# [TASK STATEMENT]
Write out the whole listing word for word.

# [EXERCISE INPUT]

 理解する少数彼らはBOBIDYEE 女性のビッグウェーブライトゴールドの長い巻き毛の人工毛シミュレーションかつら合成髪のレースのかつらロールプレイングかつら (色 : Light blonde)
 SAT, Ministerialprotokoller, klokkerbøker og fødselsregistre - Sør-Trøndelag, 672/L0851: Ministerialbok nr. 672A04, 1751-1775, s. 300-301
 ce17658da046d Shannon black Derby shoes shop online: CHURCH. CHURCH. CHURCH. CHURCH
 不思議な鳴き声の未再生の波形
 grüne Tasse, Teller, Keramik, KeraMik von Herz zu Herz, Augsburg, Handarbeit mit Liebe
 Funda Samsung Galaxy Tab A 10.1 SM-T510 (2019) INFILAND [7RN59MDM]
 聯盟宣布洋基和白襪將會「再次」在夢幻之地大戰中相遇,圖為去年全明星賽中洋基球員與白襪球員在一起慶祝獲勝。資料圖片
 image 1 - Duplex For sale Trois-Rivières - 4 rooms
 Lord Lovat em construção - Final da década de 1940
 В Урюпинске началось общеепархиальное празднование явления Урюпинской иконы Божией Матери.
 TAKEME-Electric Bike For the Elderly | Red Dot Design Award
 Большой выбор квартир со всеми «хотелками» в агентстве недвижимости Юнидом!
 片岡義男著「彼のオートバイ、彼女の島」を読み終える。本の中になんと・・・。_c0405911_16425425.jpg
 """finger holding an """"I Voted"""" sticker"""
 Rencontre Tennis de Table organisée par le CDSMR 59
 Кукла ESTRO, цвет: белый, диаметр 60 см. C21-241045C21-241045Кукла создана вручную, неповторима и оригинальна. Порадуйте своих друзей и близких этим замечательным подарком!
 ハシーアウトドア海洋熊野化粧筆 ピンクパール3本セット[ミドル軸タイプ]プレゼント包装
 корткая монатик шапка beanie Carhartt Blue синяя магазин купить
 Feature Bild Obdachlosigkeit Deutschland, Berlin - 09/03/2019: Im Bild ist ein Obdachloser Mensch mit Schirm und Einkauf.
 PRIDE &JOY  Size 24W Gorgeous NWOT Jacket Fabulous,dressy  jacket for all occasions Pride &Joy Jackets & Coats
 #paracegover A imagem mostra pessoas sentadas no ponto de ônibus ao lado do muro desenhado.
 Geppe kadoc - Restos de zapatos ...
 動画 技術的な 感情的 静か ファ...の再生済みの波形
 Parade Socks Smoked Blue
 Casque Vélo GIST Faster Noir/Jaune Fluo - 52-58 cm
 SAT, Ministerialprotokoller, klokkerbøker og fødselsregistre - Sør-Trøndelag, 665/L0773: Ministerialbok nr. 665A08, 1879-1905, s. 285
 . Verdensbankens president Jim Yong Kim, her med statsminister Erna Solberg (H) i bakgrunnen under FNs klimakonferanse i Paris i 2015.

# [SOLVED EXERCISE]
 理解する少数彼らはBOBIDYEE 女性のビッグウェーブライトゴールドの長い巻き毛の人工毛シミュレーションかつら合成髪のレースのかつらロールプレイングかつら (色 : Light blonde)
 SAT, Ministerialprotokoller, klokkerbøker og fødselsregistre - Sør-Trøndelag, 672/L0851: Ministerialbok nr. 672A04, 1751-1775, s. 300-301
 ce17658da046d Shannon black Derby shoes shop online: CHURCH. CHURCH. CHURCH. CHURCH
 不思議な鳴き声の未再生の波形
 grüne Tasse, Teller, Keramik, KeraMik von Herz zu Herz, Augsburg, Handarbeit mit Liebe
 Funda Samsung Galaxy Tab A 10.1 SM-T510 (2019) INFILAND [7RN59MDM]
 聯盟宣布洋基和白襪將會「再次」在夢幻之地大戰中相遇,圖為去年全明星賽中洋基球員與白襪球員在一起慶祝獲勝。資料圖片
 image 1 - Duplex For sale Trois-Rivières - 4 rooms
 Lord Lovat em construção - Final da década de 1940
 В Урюпинске началось общеепархиальное празднование явления Урюпинской иконы Божией Матери.
 TAKEME-Electric Bike For the Elderly | Red Dot Design Award
 Большой выбор квартир со всеми «хотелками» в агентстве недвижимости Юнидом!
 片岡義男著「彼のオートバイ、彼女の島」を読み終える。本の中になんと・・・。_c0405911_16425425.jpg
 """finger holding an """"I Voted"""" sticker"""
 Rencontre Tennis de Table organisée par le CDSMR 59
 Кукла ESTRO, цвет: белый, диаметр 60 см. C21-241045C21-241045Кукла создана вручную, неповторима и оригинальна. Порадуйте своих друзей и близких этим замечательным подарком!
 ハシーアウトドア海洋熊野化粧筆 ピンクパール3本セット[ミドル軸タイプ]プレゼント包装
 корткая монатик шапка beanie Carhartt Blue синяя магазин купить
 Feature Bild Obdachlosigkeit Deutschland, Berlin - 09/03/2019: Im Bild ist ein Obdachloser Mensch mit Schirm und Einkauf.
 PRIDE &JOY  Size 24W Gorgeous NWOT Jacket Fabulous,dressy  jacket for all occasions Pride &Joy Jackets & Coats
 #paracegover A imagem mostra pessoas sentadas no ponto de ônibus ao lado do muro desenhado.
 Geppe kadoc - Restos de zapatos ...
 動画 技術的な 感情的 静か ファ...の再生済みの波形
 Parade Socks Smoked Blue
 Casque Vélo GIST Faster Noir/Jaune Fluo - 52-58 cm
 SAT, Ministerialprotokoller, klokkerbøker og fødselsregistre - Sør-Trøndelag, 665/L0773: Ministerialbok nr. 665A08, 1879-1905, s. 285
 . Verdensbankens president Jim Yong Kim, her med statsminister Erna Solberg (H) i bakgrunnen under FNs klimakonferanse i Paris i 2015.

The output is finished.